In some embodiments, management platform 103 executes a process for generating interactive visualizations of large data sets to be able to performantly display tens of millions (or more) data points on an interactive background such as a map while responding to one or more queries within 200 ms by, for example, pre-processing the data points in accordance with one or more rules.

The following description provides a non-limiting example use-case for ease of discussion. While specific embodiments are discussed herein and are illustrated in the drawings appended hereto, the system 100 encompasses a broader spectrum than the specific subject matter described and illustrated. As would be appreciated by those skilled in the art, the example embodiments described herein provide but a few examples of the broad scope of the system 100.

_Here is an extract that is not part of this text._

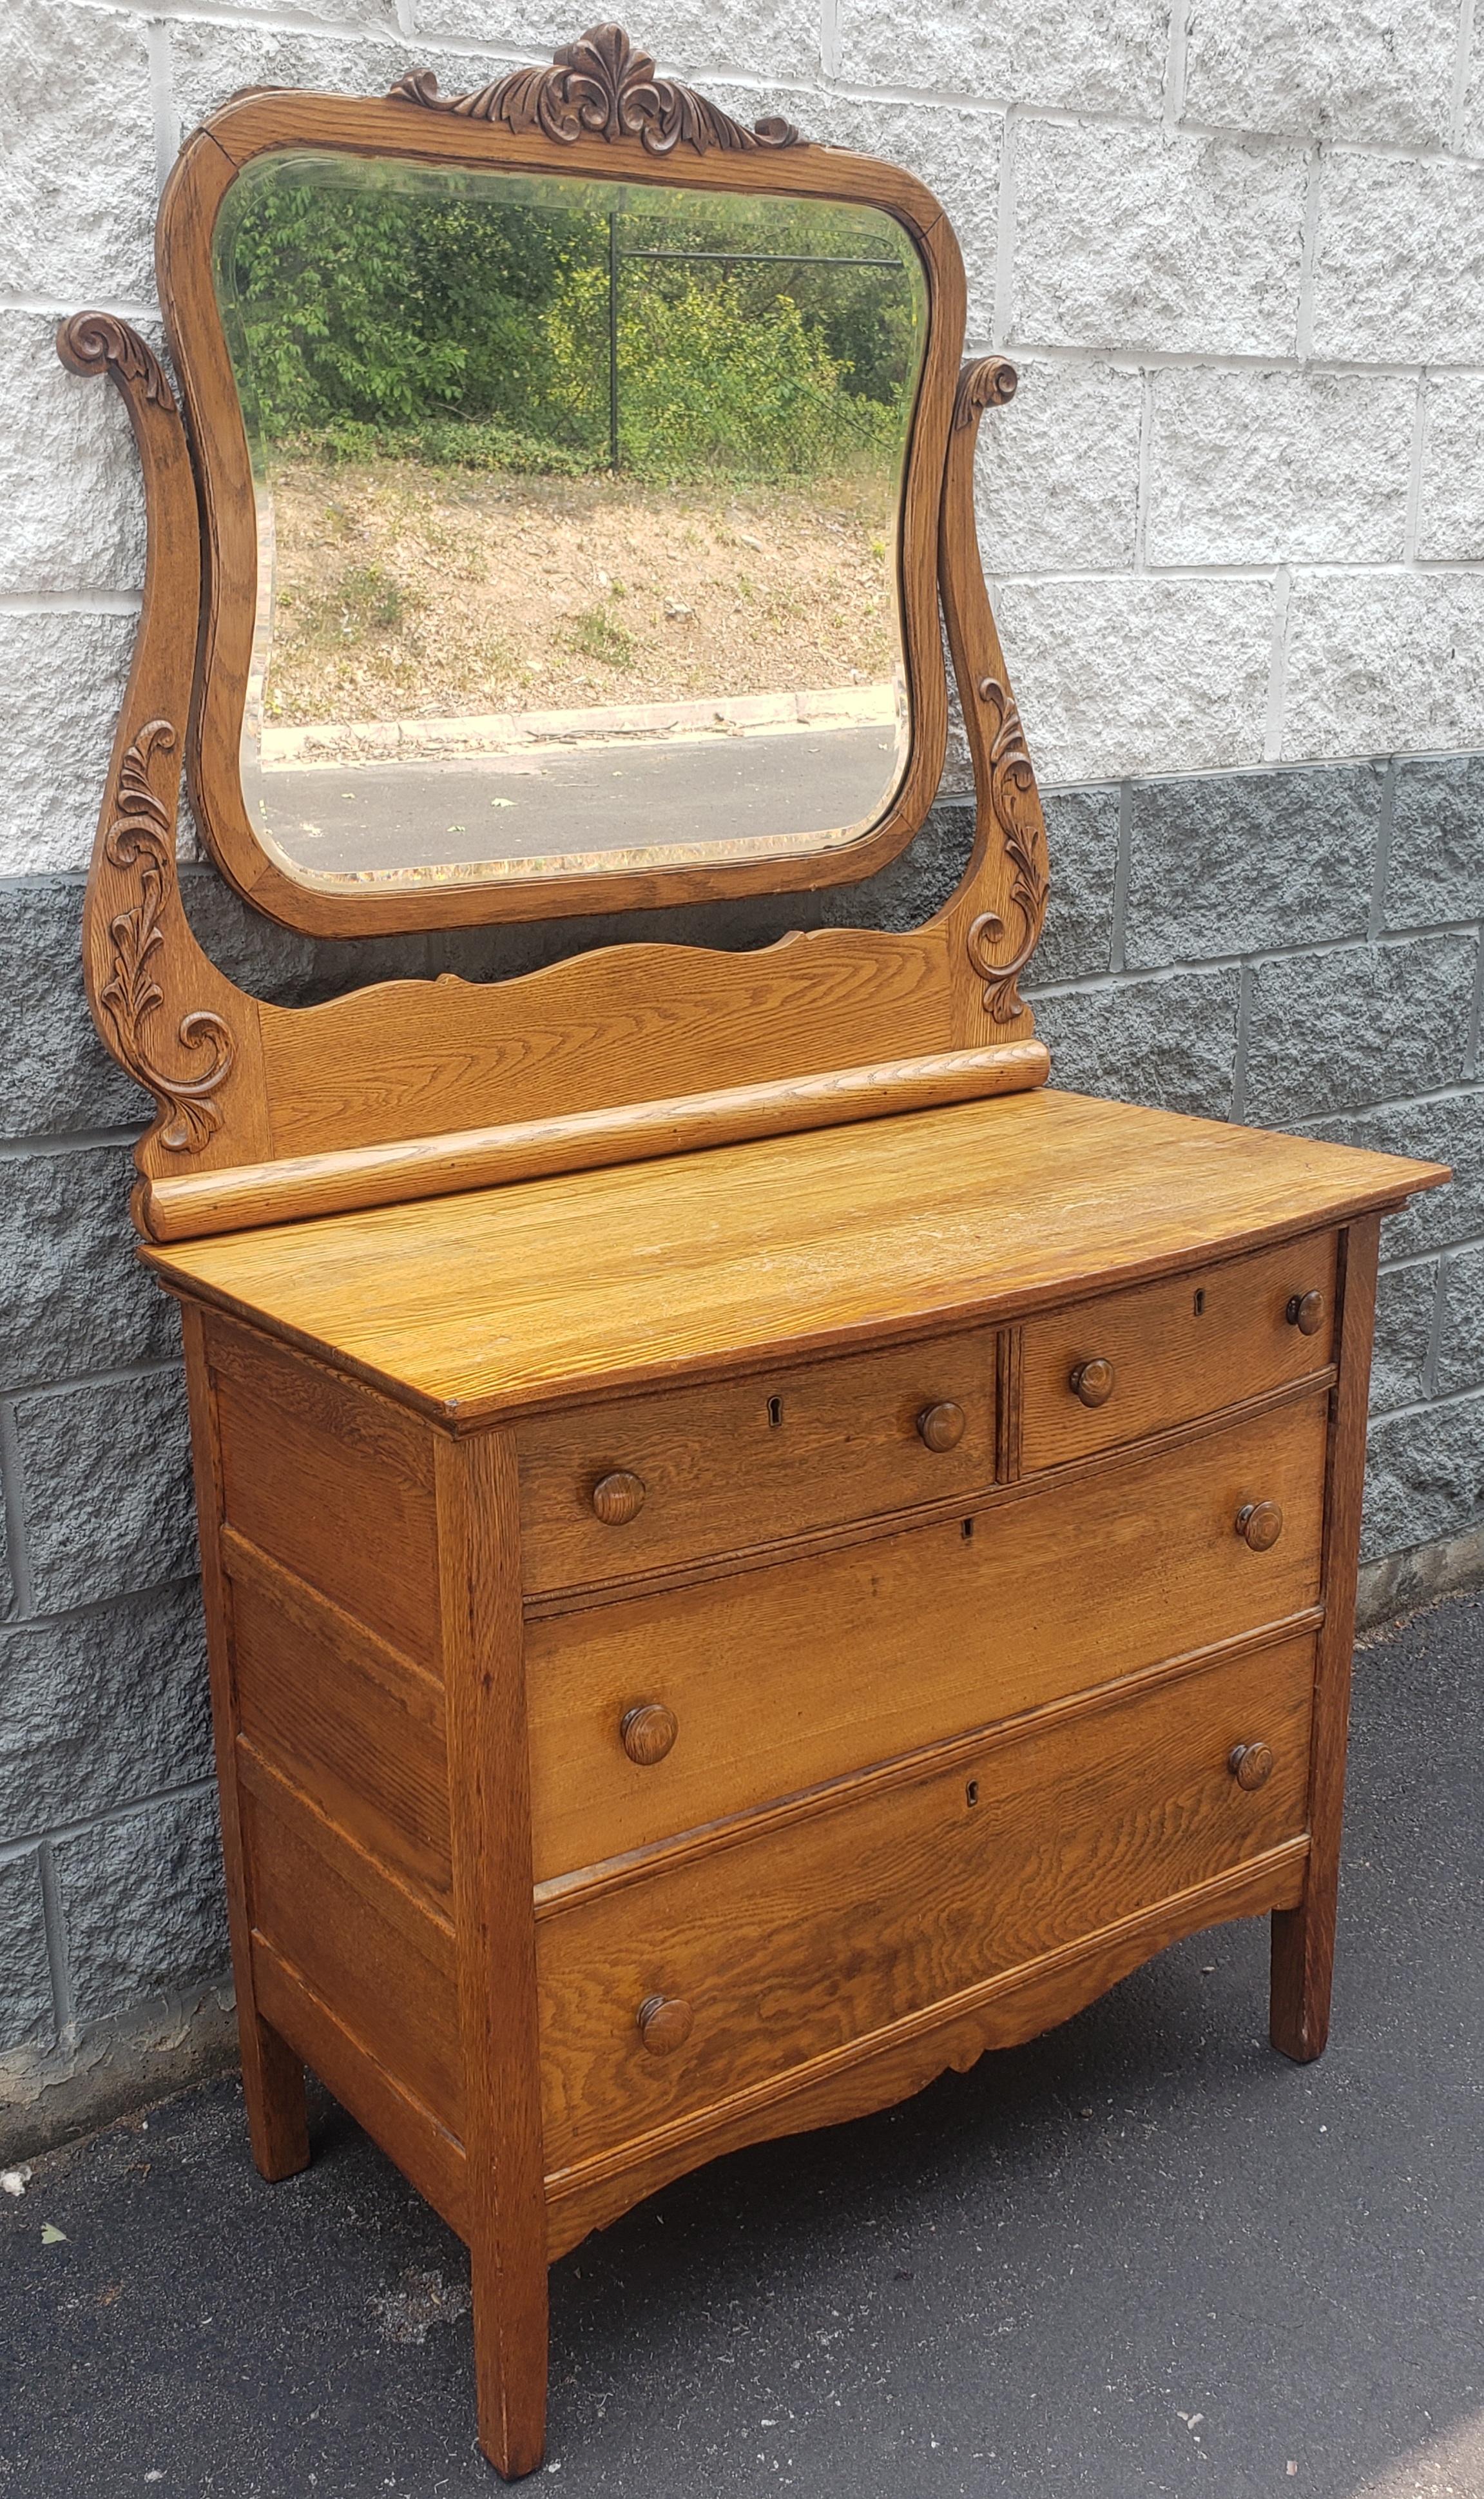 A Late 19th century Victorian Carved Tiger Oak Dresser with Mirror. Good condition. Measures 38

The management platform 103 is configured to implement a process for generating interactive visualizations of large data sets comprising data associated with abandoned property, monetary claims, or other suitable information to display large quantities of data points on the order of about 24 million data points indicative of unclaimed property with respect to a location on an interactive map.

In use, management platform 103 causes user interface 111 to be output by way of display 107 of UE 101. User interface 111 is a graphical user interface, wherein a user initially sees a zoomed-out view of a map representative of a country, state, city, or county, and one or more cluster symbols, or summaries, comprising numerical quantities of unclaimed property records that exist in a viewable area of the displayed map. Based on a selection of one of the one or more cluster symbols, or based on a received user input to increase a zoom level, management platform 103 causes a range of summary dimensions such as a latitude and longitude range represented by the displayed map to decrease. Management platform 103 then causes additional smaller clusters and/or individual data point symbols to be displayed over the displayed map based on one or more of a preset quantity of data points allowed to be indicated by a cluster symbol or a zoom level, in accordance with at least one rule. Based on a selection of an individual data point symbol, management platform 103 causes additional details about the unclaimed property record associated with the selected individual data point symbol to be displayed by way of user interface 111.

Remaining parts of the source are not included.